Eingebaut ist eine ASUS GeForce GTX 770 DirectCU II
auf einem Asus z87-K-Board.
Betriebssystem ist WIN 8.1 Prof (64-Bit)

Ein Samsung TV steckt am HDMI-Port und ein Monitor am DVI-Port  der Grafikkarte.

In den Treibereinstellungen zum Wiedergabegerät NVIDIA High Definition Audio (HDMI-Port) kann ich nur Stereo einrichten obwohl die GTX770 ja Dolby unterstützt.

Hier ein paar Bilder zum installierten Treiber:




			Dieser Inhalt steht nur eingeloggten Mitgliedern zur Verfügung.
        






			Dieser Inhalt steht nur eingeloggten Mitgliedern zur Verfügung.
        






			Dieser Inhalt steht nur eingeloggten Mitgliedern zur Verfügung.
        






			Dieser Inhalt steht nur eingeloggten Mitgliedern zur Verfügung.
        



Ich kann nach klicken von Konfigurieren (für das Wiedergabegerät) nur Stereo-Optionen wählen, da sollte doch 5.1 auswählbar sein?

Hat jemand eine Ahnung wie ich den dazu bringe im Treiber die Mehrkanal-Optionen anzuzeigen?


----------



## aloha84 (4. November 2014)

Hab mich damit noch nicht tiefgreifend beschäftigt, aber das Wiedergabegerät Samsung (dein Fernseher) unterstützt nur Stereo.
Mir ist deine Anfrage schon klar, vermutlich hast du eine 5.1 Anlage direkt mit dem TV verbunden, oder?
Aber von dieser Anlage weiß ja deine Graka nichts, die sieht nur --> Samsung Fernseher = 2 Lautsprecher.
Vielleicht muss du am TV was umstellen?


----------



## HobbySchrauBaer (4. November 2014)

Hallo, Danke für Deine Antwort.

Der TV (UE46B6000) unterstützt Dolby und ist direkt per HDMI mit der Grafikkarte verbunden.
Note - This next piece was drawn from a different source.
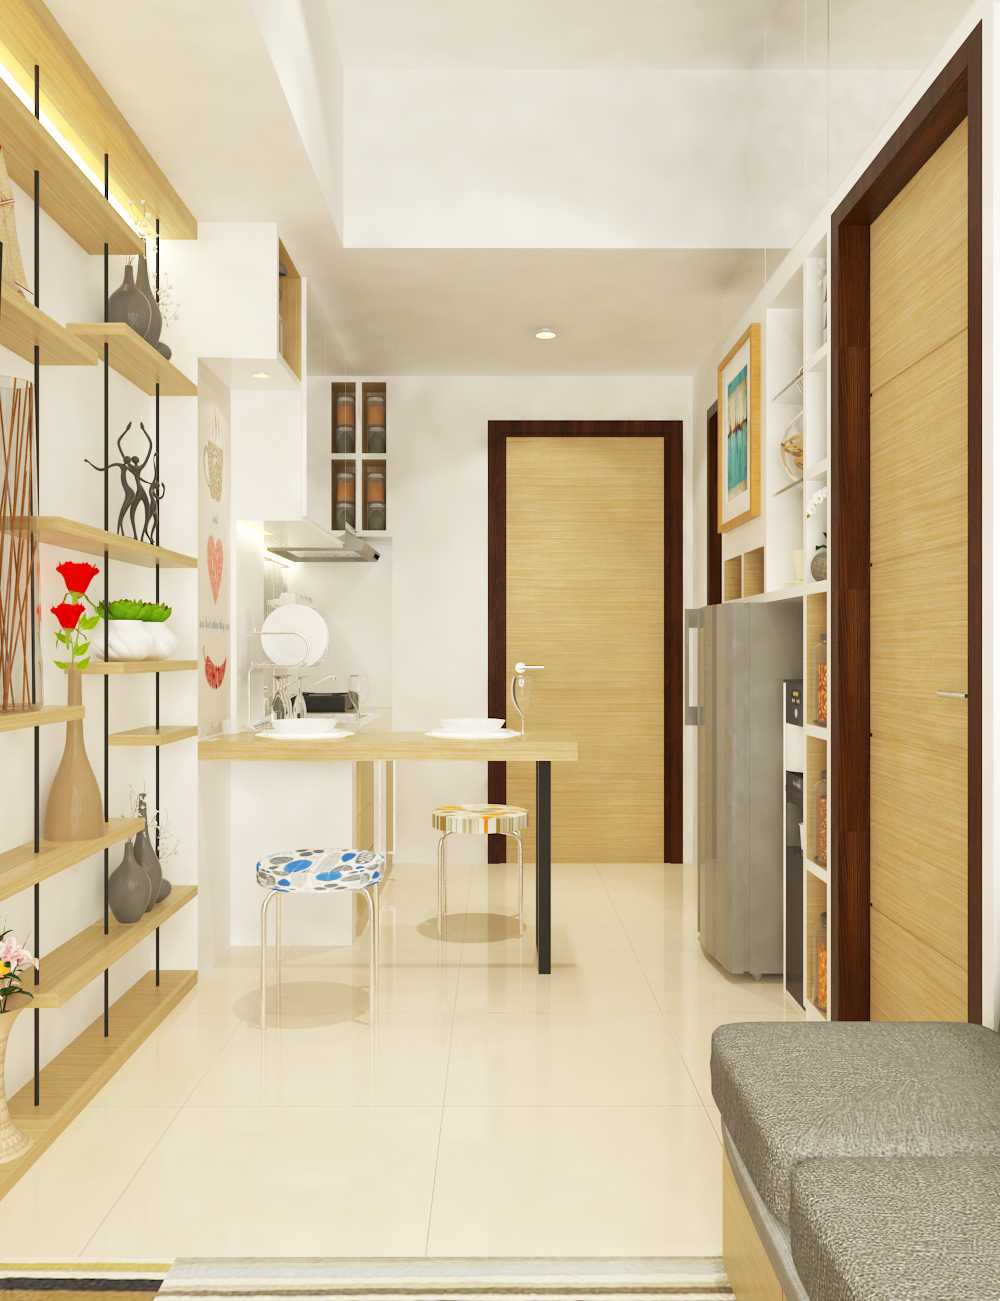 Miv Architects (Ar. Muhammad Ikhsan Hamiru, Iai & Partners) Interior Design Of Apartment Unit Makassar, South Sulawesi, Indonesia Makassar, South Sulawesi, Indonesia Apartment Room Design Skandinavia  29139

An einem weiteren HDMI-Port des TV hängt ein Telekom Receiver für Entertain. Wenn ich damit Dolby abspiele wird das auch von TV wiedergegeben.

An dem TV hängt am optischen Ausgang eine Samsung-Soundbar. Der TV ist so eingestellt, dass er nur die externen Lautsprecher nutzt, also nur durchschleift. Bekommt die Soundbar ein Dolby-Signal zeigt diese das auch an (es leuchtet eine entsprechende Anzeige).

Kommt das Signal vom PC, dann zeugt die Soundbar nur PCM an, nicht Dolby.


----------



## aloha84 (4. November 2014)

Hier mal 2 Links vielleicht helfen die:

Enabling Dolby Digital over Nvidia HDMI - AVS Forum

Kein 5.1 Dolby Digital / DTS ber HDMI nur Stereo, PC & Hifi - HIFI-FORUM


----------



## HobbySchrauBaer (4. November 2014)

Nach Recherche kann ich das nun selbst beantworten:

Der TV meldet dem Treiber am PC er hätte nur zwei Lautsprecher, somit kann im Treiber auch nur Stereo konfiguriert werden.

Weshalb Dolby über HDMI vom Entertain-Receiver funktioniert kann ich nicht erklären, das ist mir nicht klar.

Nun bleibt nur, dieses automatische Aushandeln zwischen PC-Treiber und TV zu umgehen und Dolby zu erzwingen. Wie das genau funktioniert kann ich nicht sagen, ich suche eine Lösung.


----------



## aloha84 (4. November 2014)

Ich hab beim überfliegen irgendwas von durchschleifen von der Soundkarte gelesen....aber wie gesagt guck mal in die Links


----------